* _Data excerpt_:
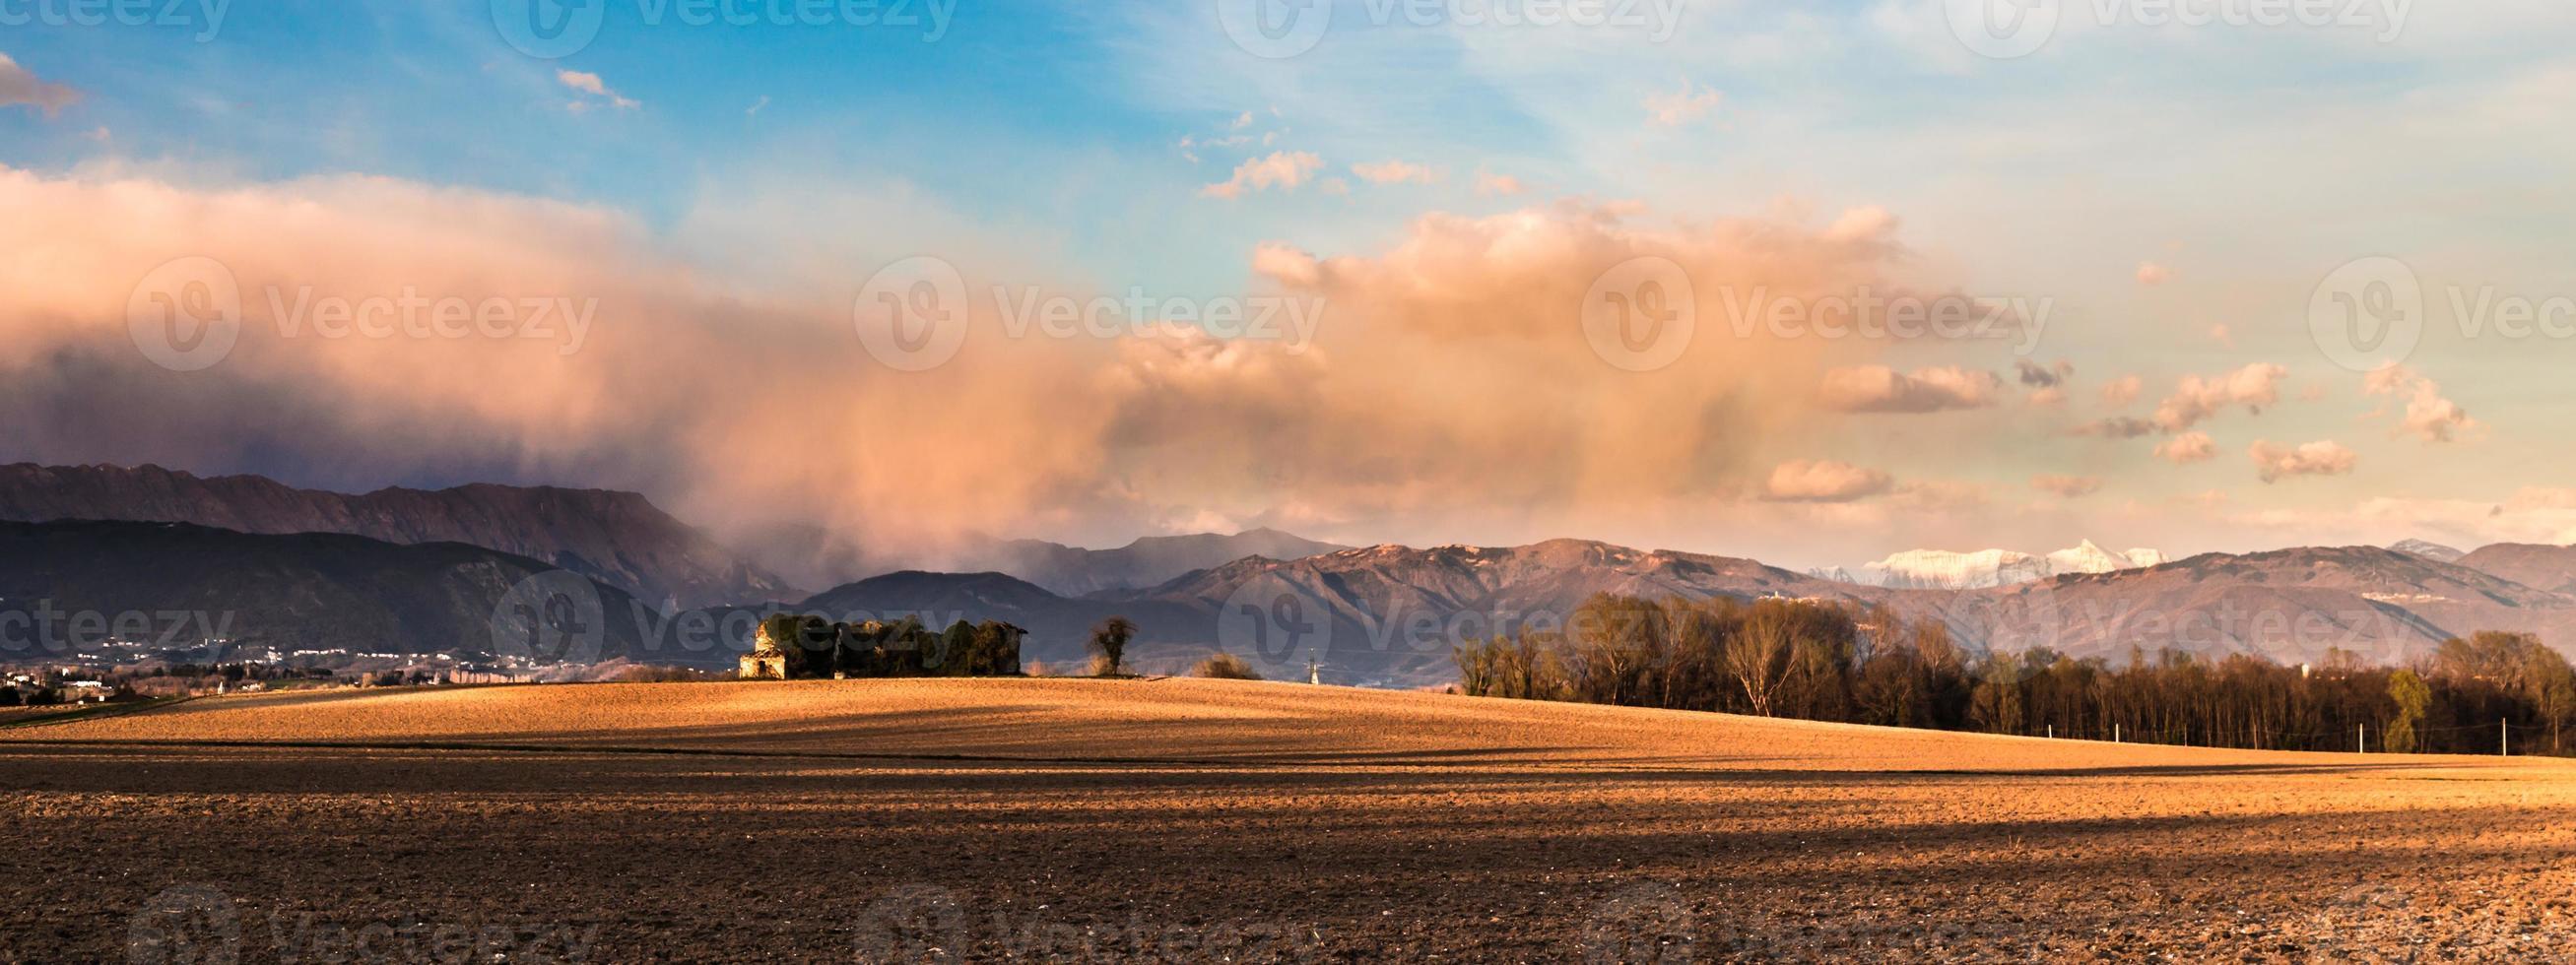 verlassener Bauernhof auf dem Land foto
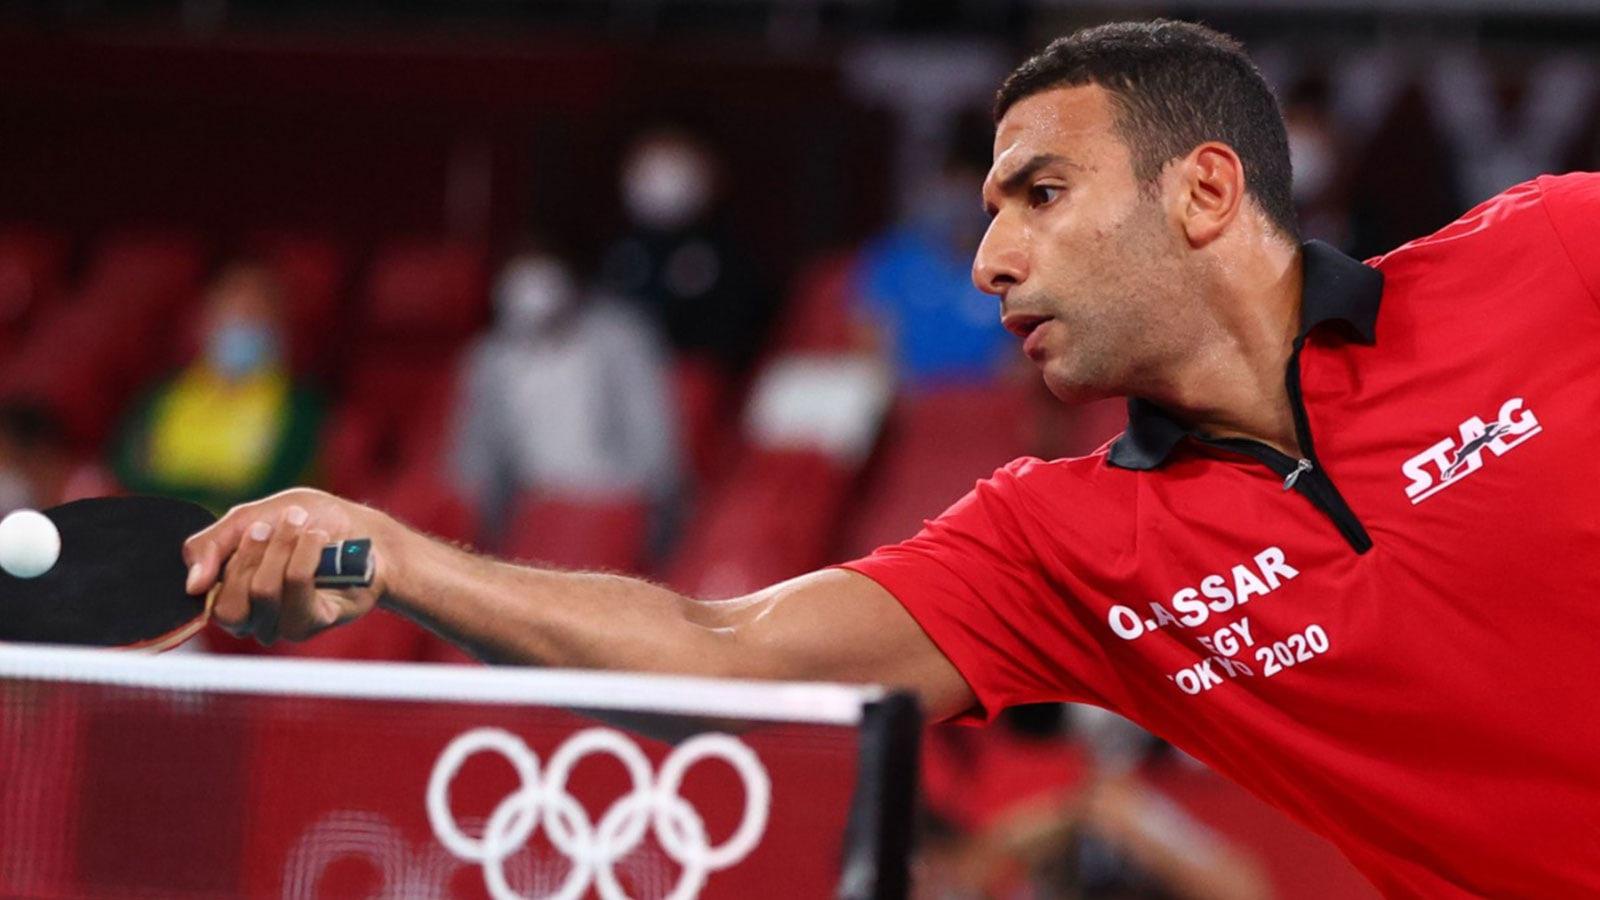 لاعب مصري يحقق إنجازاً تاريخياً في أولمبياد طوكيو
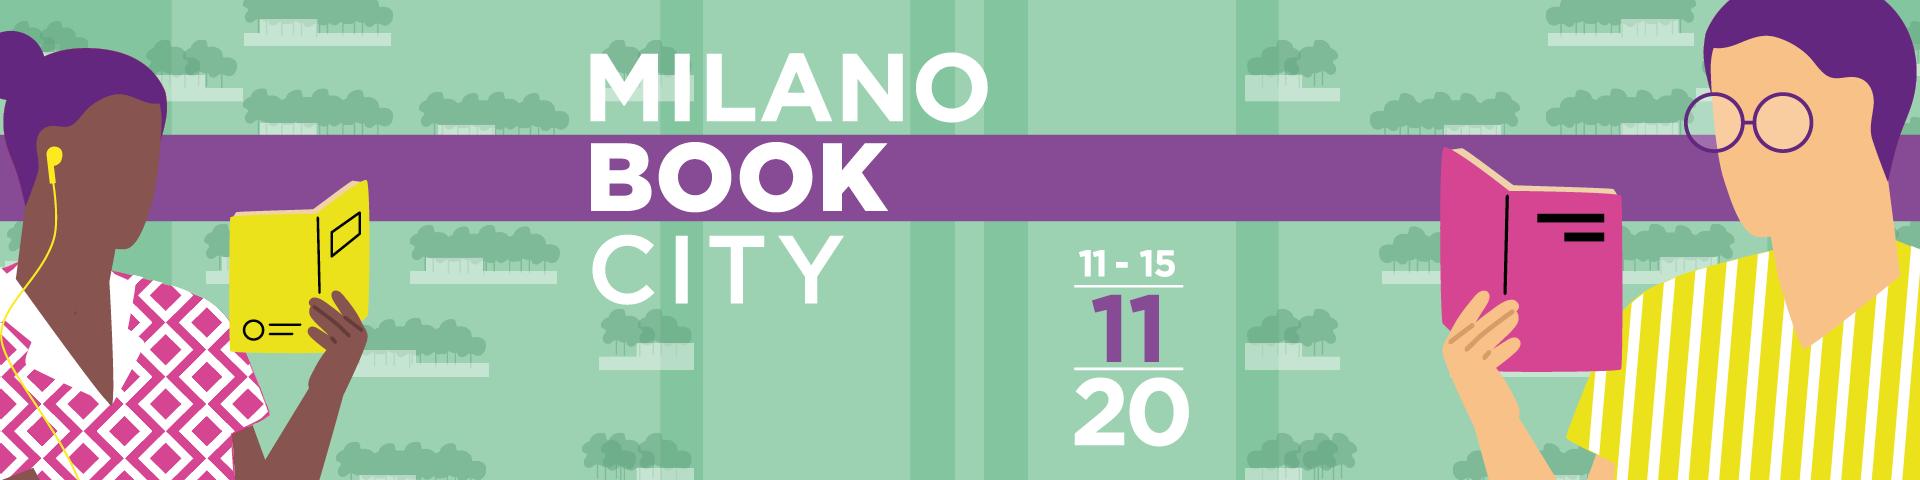 450 eventi e 900 ospiti. Bookcity Milano non si ferma e corre sul digitale
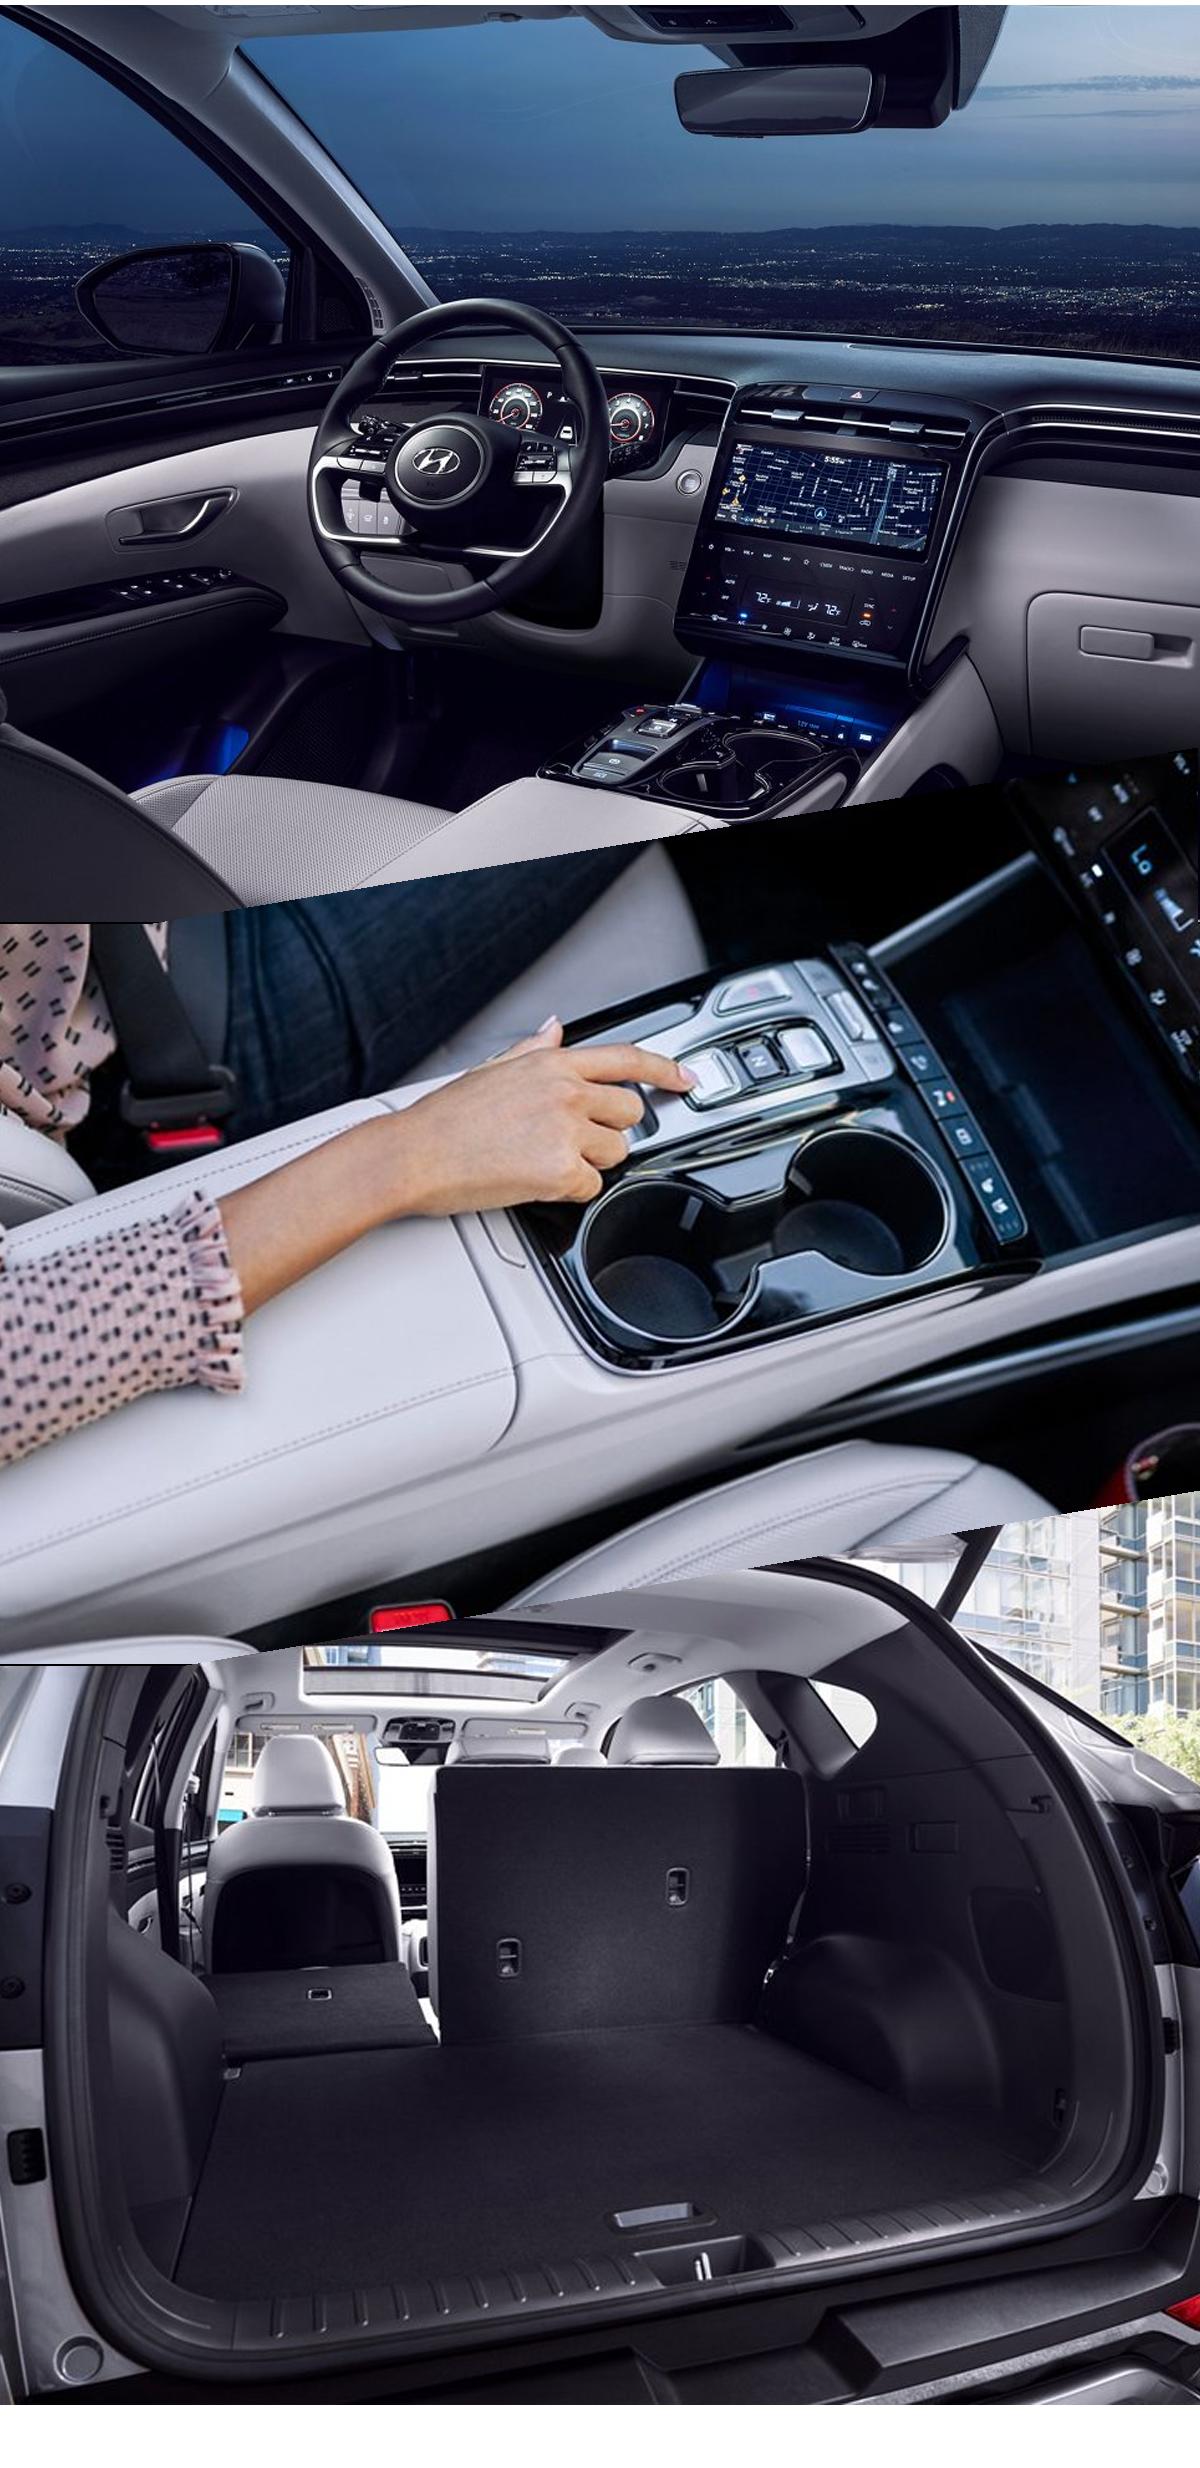 2022 Hyundai Tucson Interior Images

* _What needs to be done_: Copy out the material above in full and exactly; its pictures are not to appear.

* _Reply_:
 verlassener Bauernhof auf dem Land foto
 لاعب مصري يحقق إنجازاً تاريخياً في أولمبياد طوكيو
 450 eventi e 900 ospiti. Bookcity Milano non si ferma e corre sul digitale
 2022 Hyundai Tucson Interior Images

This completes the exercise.